A select list of eight Independent Power Producers involving foreign direct investment (FDI) were identified by the Government of India as “fast track” projects, and thus given the extraordinary benefit of business risk absolution normally attendant to such investments. This involved extension of sovereign counter-guarantee, a special cover wherein the Union Government agreed to pay up dues in the event the State Electricity Boards failed to cover the cost of power supplied. Further, investors were assured of early statutory clearances. Such irregular processes were claimed necessary for encouraging FDI in a resource poor, energy deficient country, and in order to invite the best of foreign utilities to come in and save the country from certain disaster, if not doom.
The devastating experience of the Maharashtra State with the Enron sponsored Dabhol Power Company is an infamous of case where an ugly nexus of TNC and the State has forced a very heavy and unsustainable burden on the public at large, and demonstrated the failure of the “reforms” process. The debilitating blow that this one project has delivered on the economic future of the State is only now being fully appreciated, and quite ironically, proving right those who had staunchly opposed the project.
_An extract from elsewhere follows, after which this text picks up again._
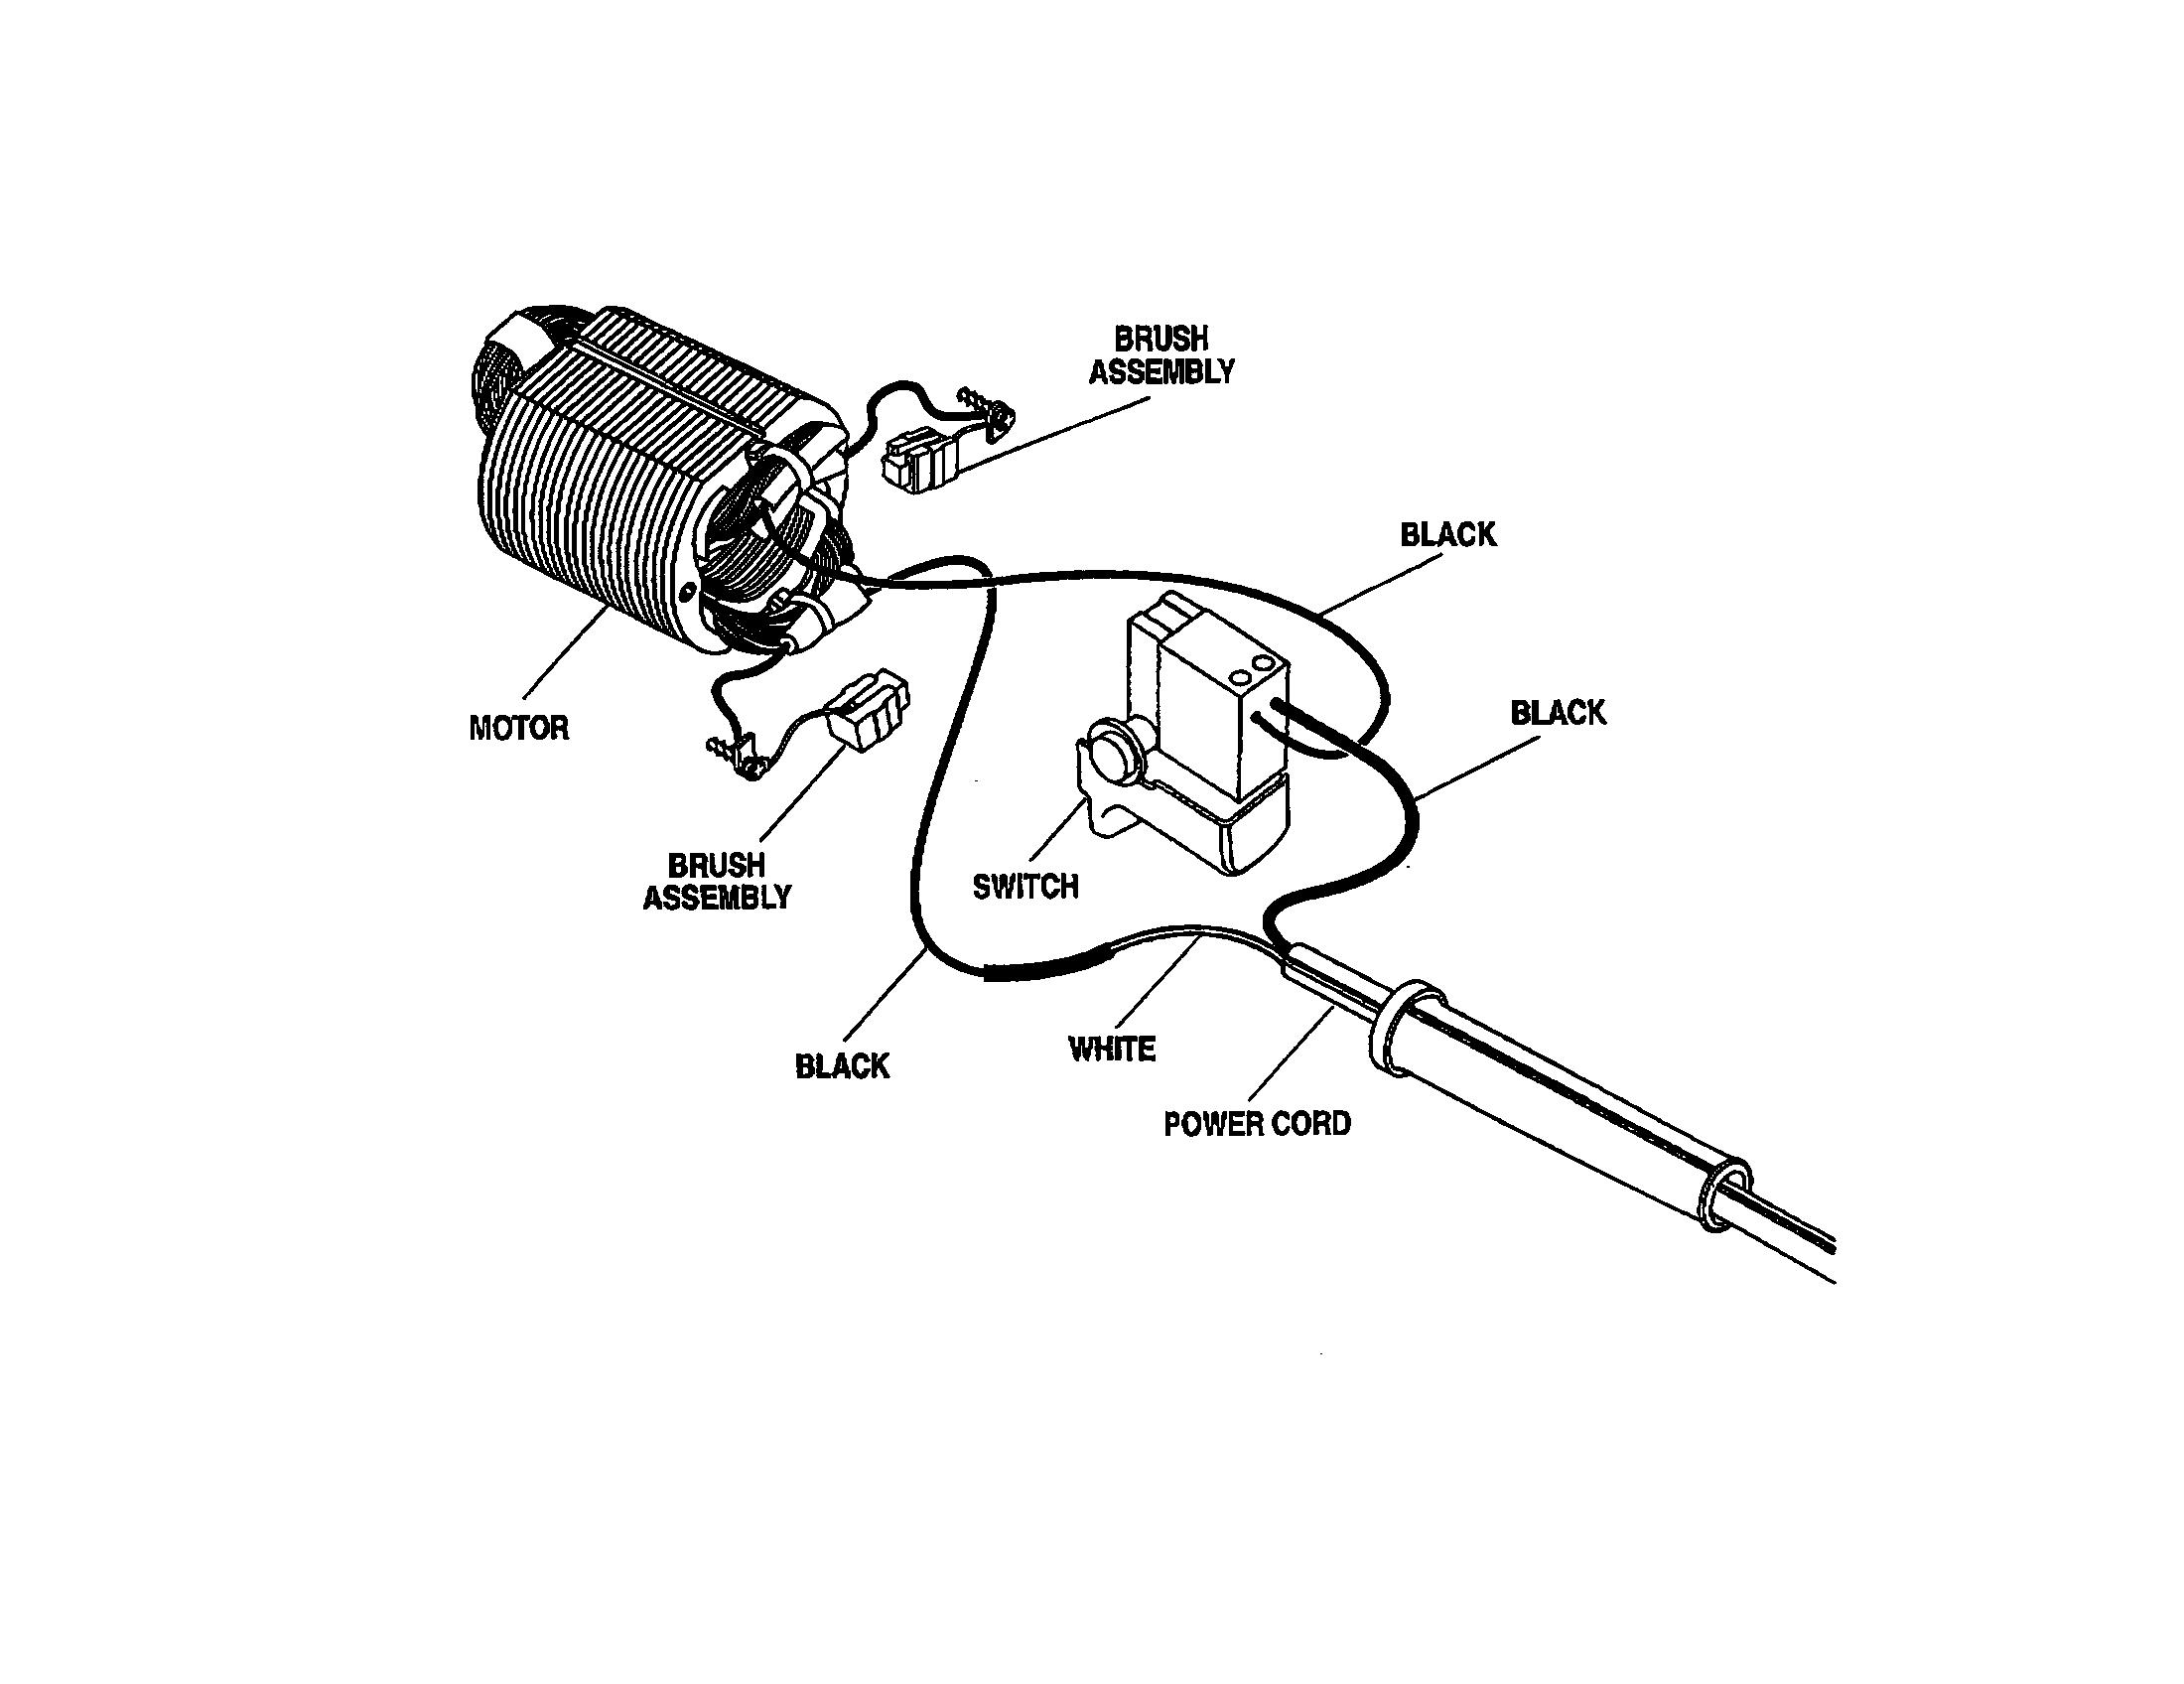 hight resolution of grinder wiring diagram

The South Indian State of Karnataka was very close to reliving the experience of Maharashtra State, but for the effective, and finally successful, public action against only the second “fast track” deal. In this case, the investment was from insignificantly small and unknown power utility from USA, Cogentrix Inc. of North Carolina.
Cogentrix proposed its US $ 1.3 billion coal-fired thermal power station of 1,000 MW capacity in the ecologically and culturally sensitive and coastal Dakshina Kannada region as a “model” for India’s new private power policy. Cogentrix’s model stance, one was informed, extended towards understanding that its “customers extend(ed) beyond its end users alone to include employees…..people living in communities where its operating facilities are or will be located….and the environment that is shared by all. To that end Cogentrix remains steadfast in its commitment to operate at production levels that are the envy of the electric power industry while protecting the environment”.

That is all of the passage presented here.